November 2001 RAINET wrote to the Commissioner's office and informed them that provided each of the panel members agreed to comply with very strict requirements, a hearing could be held at GV' s home. However, finally, the Commissioner's office agreed to a teleconference.
March 2002, a hearing was held before a Review Tribunal in Toronto, with GV participating via teleconference. Senator Sparrow attended as an observer.
In this case, Section 84(2) of the CPP Act applies and the Appellant must satisfy the Review Tribunal that he/she has New Facts The new facts provided were found in the written response of Dr. J. M. MacDonald, Senior Medical Advisor to the HRDC dated February 24, 1999.
"As a medical advisor, who has appeared regularly before the PAB for 10 years, it would be my opinion that she has already made her case
The file containing this memo was obtained under the Access to Information and Privacy Act. It should also be noted that numerous letters had been sent to and received from the Minister's office concerning this matter and the response that Dr. MacDonald gave was in response to an inquiry from the Ministerial Inquiries Unit. So it appears that the Ministry ignored the advice of its own senior medical advisor and continue to deny GV her benefits!
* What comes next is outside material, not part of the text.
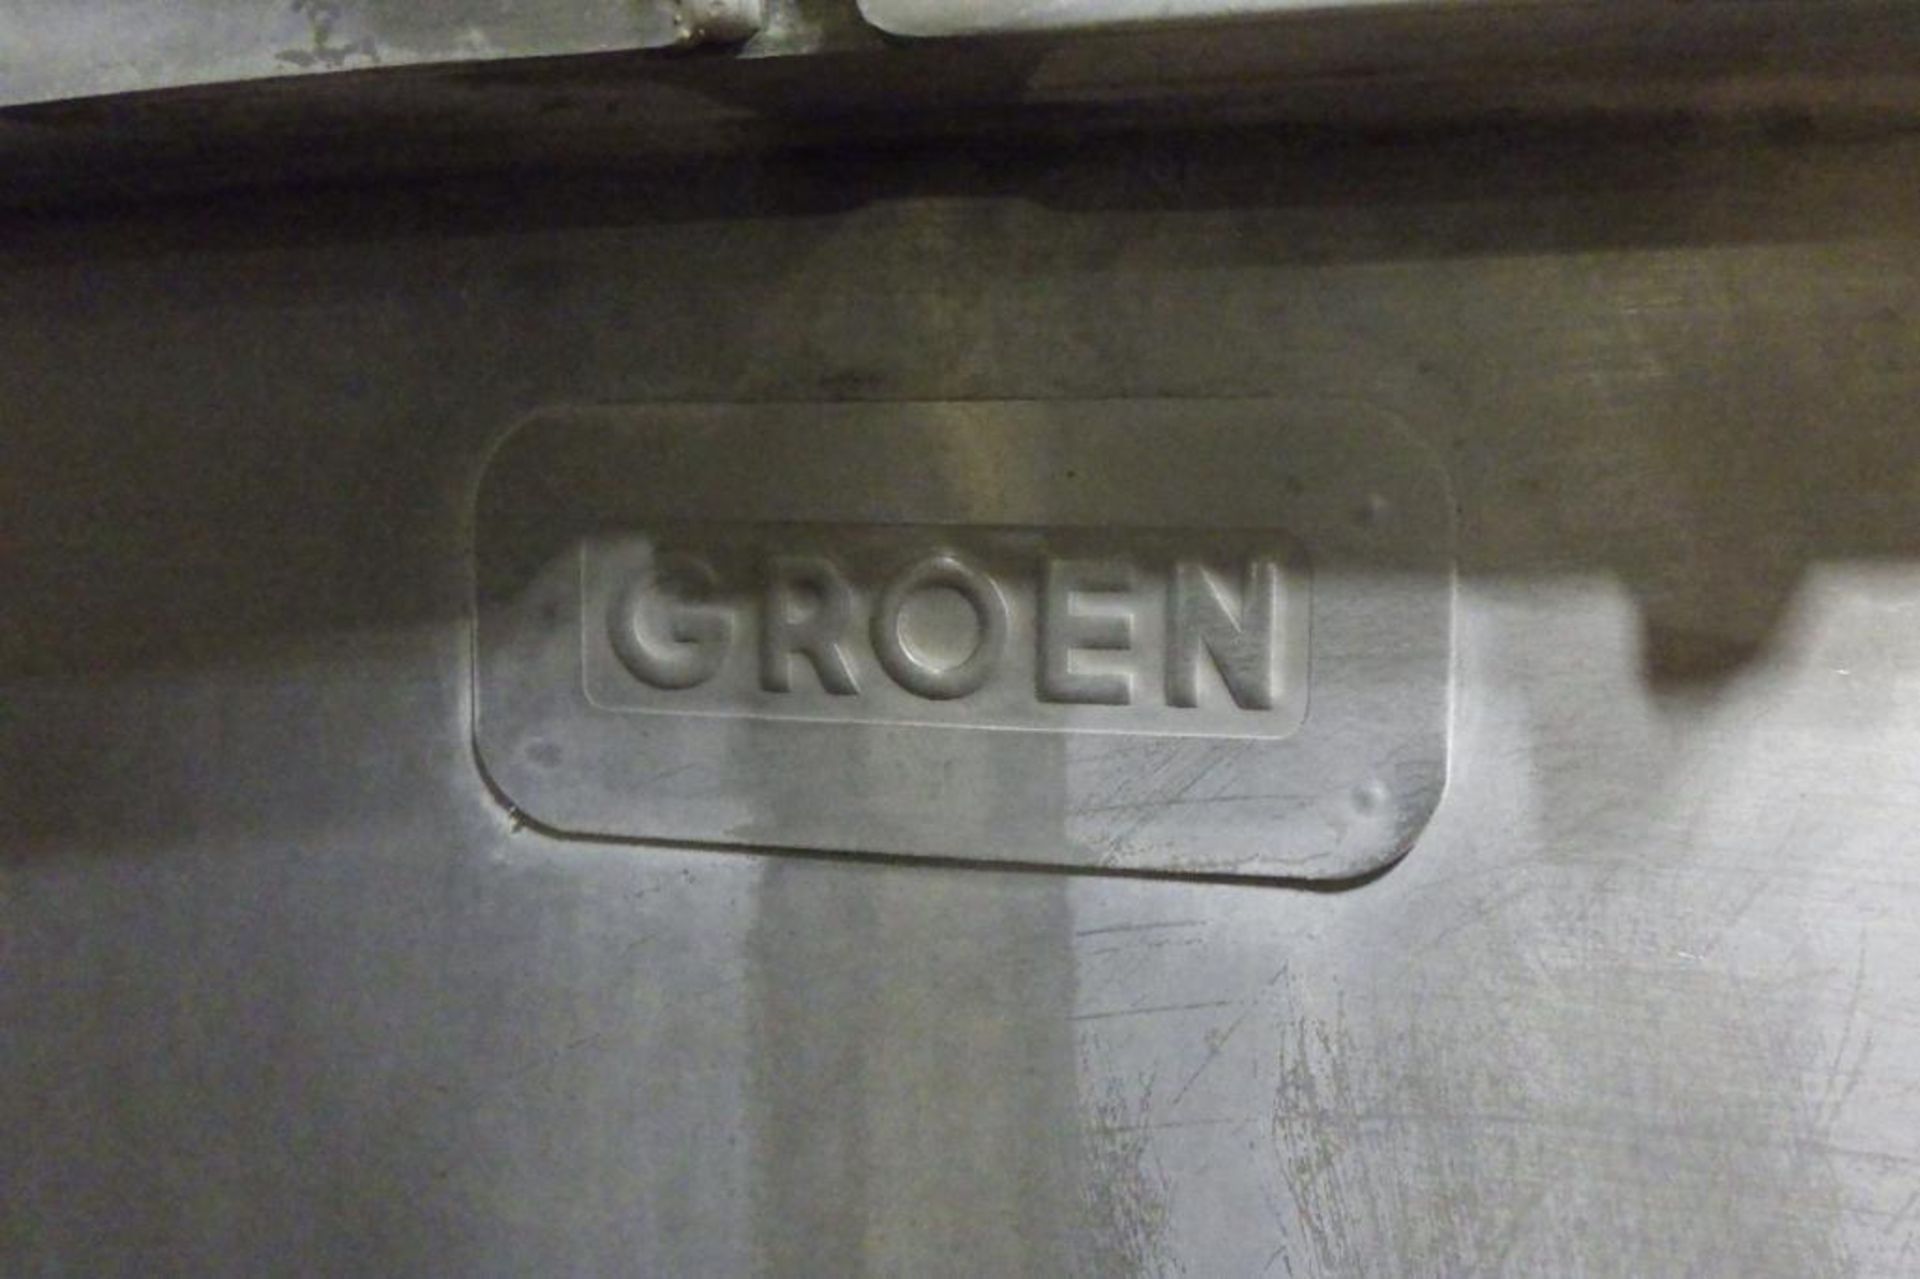 Groen kettle - Bild 11 aus 15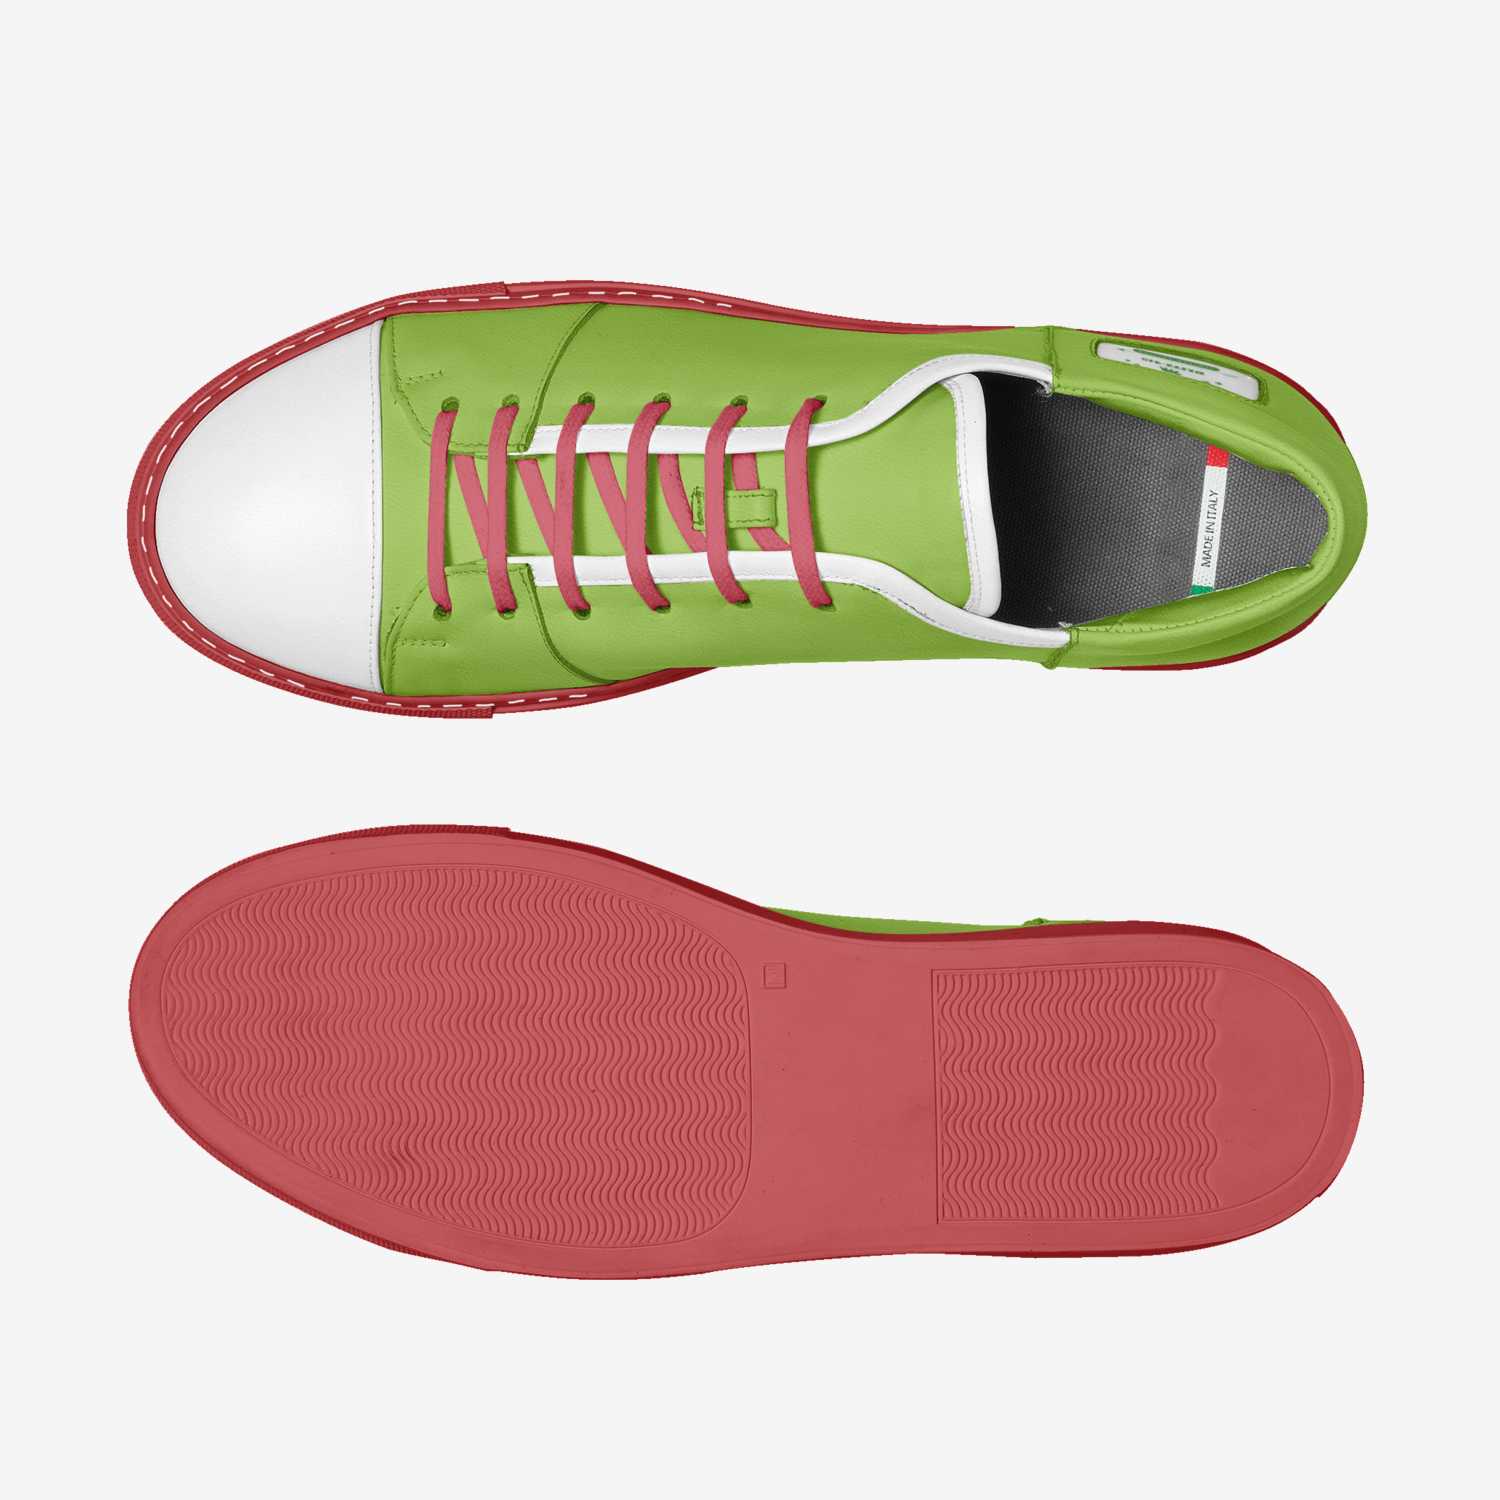 Yoshi | A Custom Shoe concept by Jalen Henderson

June 14, 2002 In its decision, the Review Tribunal stated:
"..when a person believes that a Tribunal has made an incorrect decision, it is not appropriate simply to file a new application. Rather, the person should gather new facts, usually of a medical nature which s/he believes would compel a different decision, and then make application under Subsection 84(2) for a rescission or an amendment of the original decision.
All along the way, adjudicators are proceeding from the assumption that the first analysis of the case is thorough and correct. The fact is, that thorough does not include appropriate explanations for findings in direct opposition to the medical advice being followed. Correct does not include interpretations of the Act that are in direct opposition to direction from a Federal Court of Appeal.
Each level of this costly, protracted, appeal, continues to place the onus of submitting more proof of the same order that has already been disingenuously misrepresented back squarely upon the sick and suffering and disabled Appellant. Could this conduct indicate another taxpayer rip-off, paying some fiend to lie, act above the law, collude to increase the purse of special interest legal and medical groups, and add insult to injury by treating a sick, suffering, disabled person in such a cruel and unusual way? May be if a pattern can be shown.